The Archbishop's observation that the rebels needed time to regroup, whatever its underlying motives, had been right. After six months of preparatory work EOKA was still hopelessly amateurish and in no position to wage a sustained campaign. The Colonel's request for two assistants from Greece to replace Socrates Loizides and 'Evaghoras' had not been met, so he was obliged to tackle the Organisation's expansion single-handed. The task was complicated by his ignorance of Greek Cypriot mentality which could possibly be explained by the fact that he had spent by far the greater part of his life in Greece, and as a result certain aspects of Cypriot national character came as a shock. Dedicated to the pursuit of Hellenism and indifferent to financial gain, the EOKA Leader found himself up against the strong trading instincts of the Greek Cypriot community. His stern philosophy that patriots must be satisfied with 'moral rewards' fell on barren soil. And before long some of the saboteurs began to demand payment. One man named his price for putting a bomb in a British cargo boat as ,100. Grivas, who seldom abandoned a principle, finally agreed with extreme reluctance on condition that payment would not be made until after the explosion had taken place.

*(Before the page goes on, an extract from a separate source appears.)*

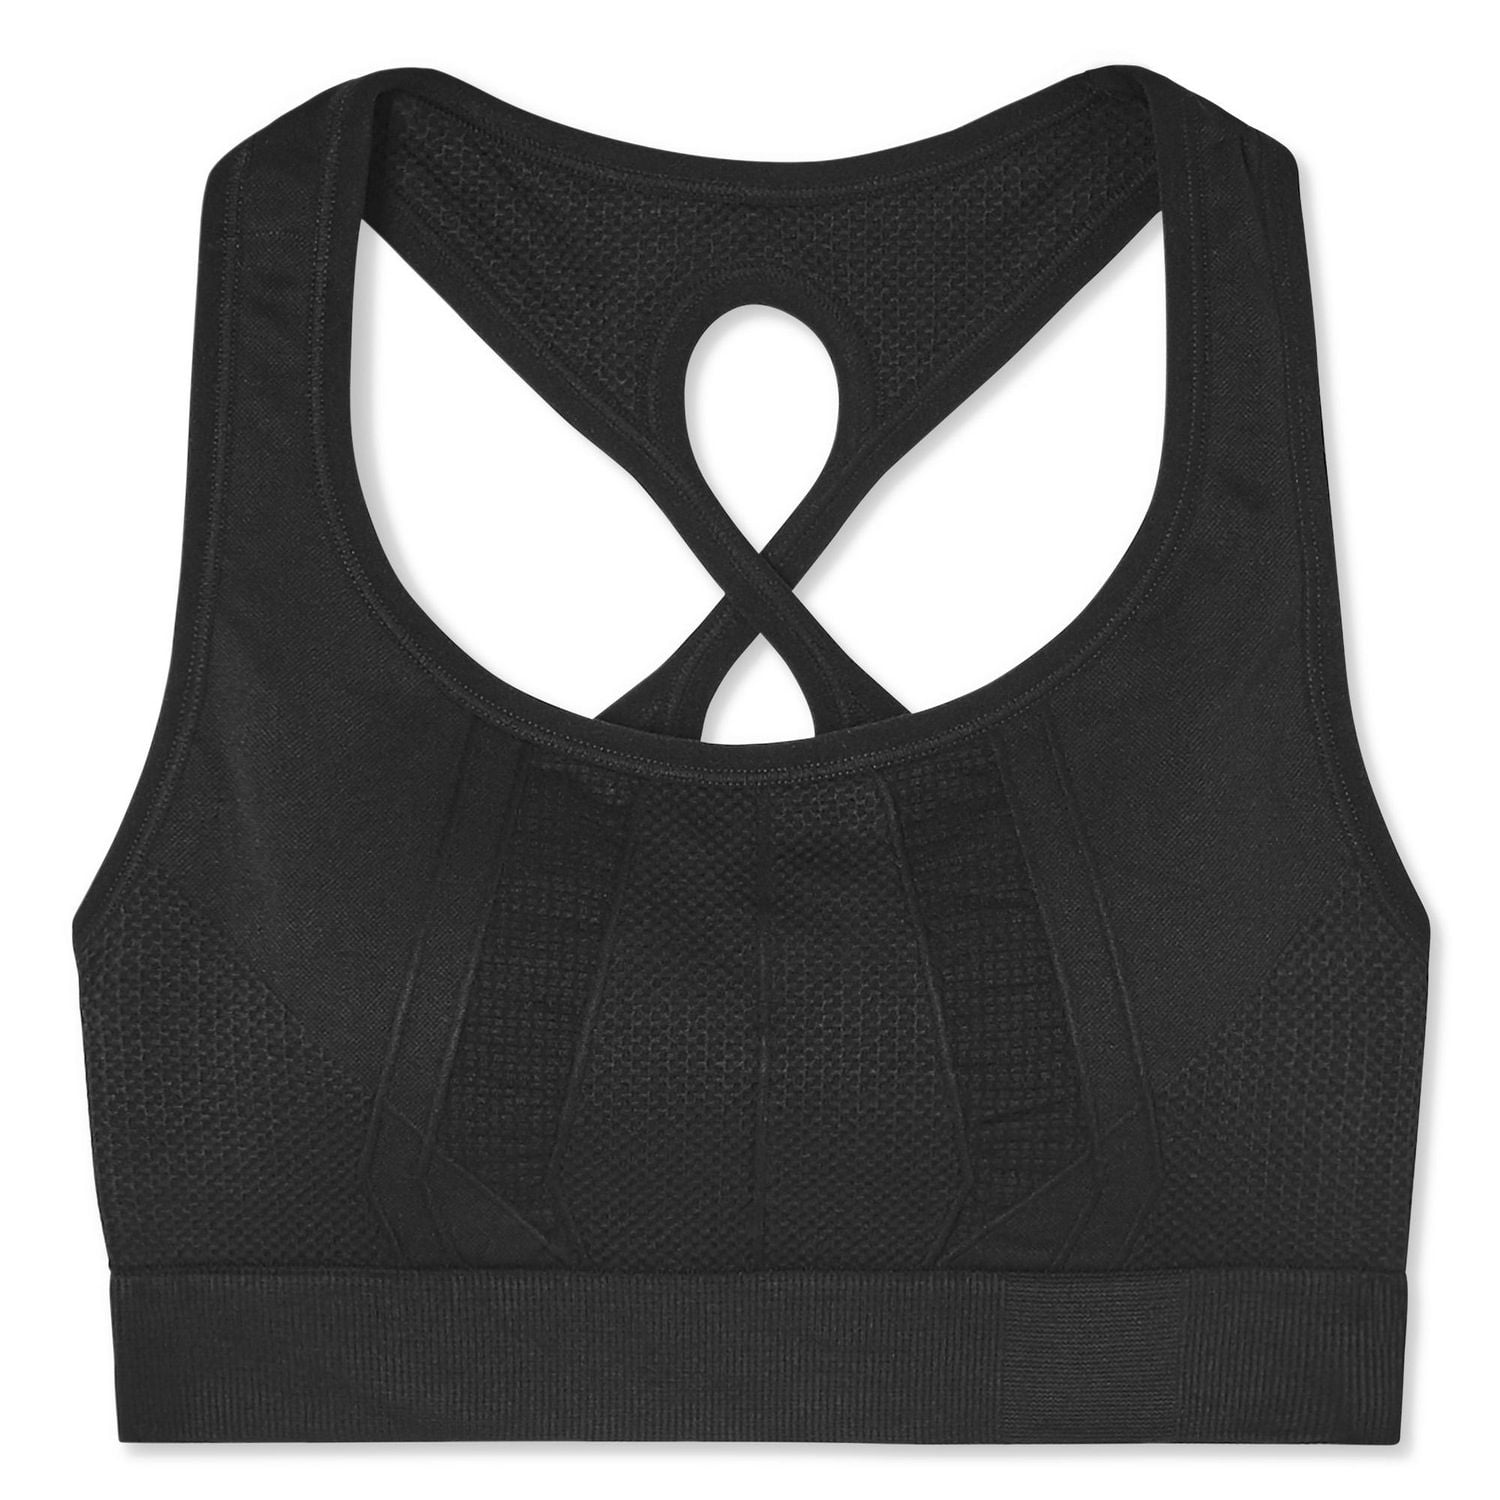 500 Women's Fitness Cardio Training Sports Bra - Black  A comfortable  sports bra that you won't be able to live without thanks to its cross-over  straps at the back, the mesh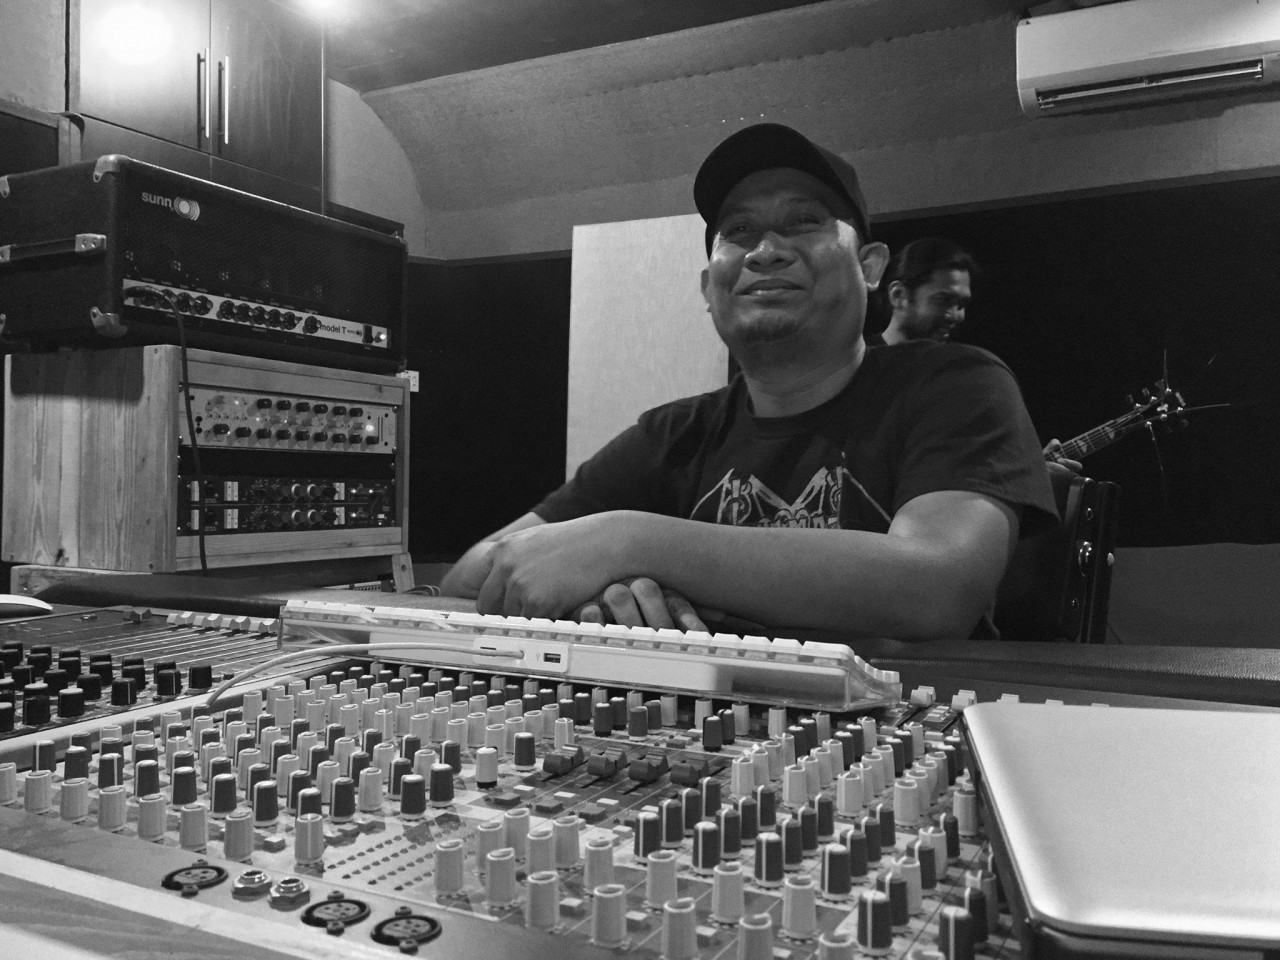 Mohd Fadillah Osman says many musicians are taking their live shows online in an effort to earn some money. – Pic courtesy of Fadillah, September 19, 2020

The recruits were not lacking in enthusiasm and ideas but their concept of revolution was apt to be naive. One EOKA leader proposed that the rebels should capture the Chief Justice, Sir Eric Hallinan, who was regarded by the Greek Cypriots as the symbol of British imperialism, and with whom he was acquainted. But the terrorist had second thoughts. The colonial regime had its own paradoxes. It was impossible to reconcile Sir Eric's exalted position in the colony with the fact that he was a native of Southern Ireland, a country which had rebelled against Britain and which could logically be expected to support the cause of Cyprus. The early Cypriot recruits, moreover, when it came to the point shirked the assassination of officials they knew personally. The intimacy of the Cypriot community facilitated on the one hand certain facets of underground warfare, for example penetration and intimidation. On the other hand it was not without its psychological complications. At first few of the rebels were willing to follow EOKA's orders blindly. Most of them had yet to acquire the absolute ruthlessness which their leader demanded of them.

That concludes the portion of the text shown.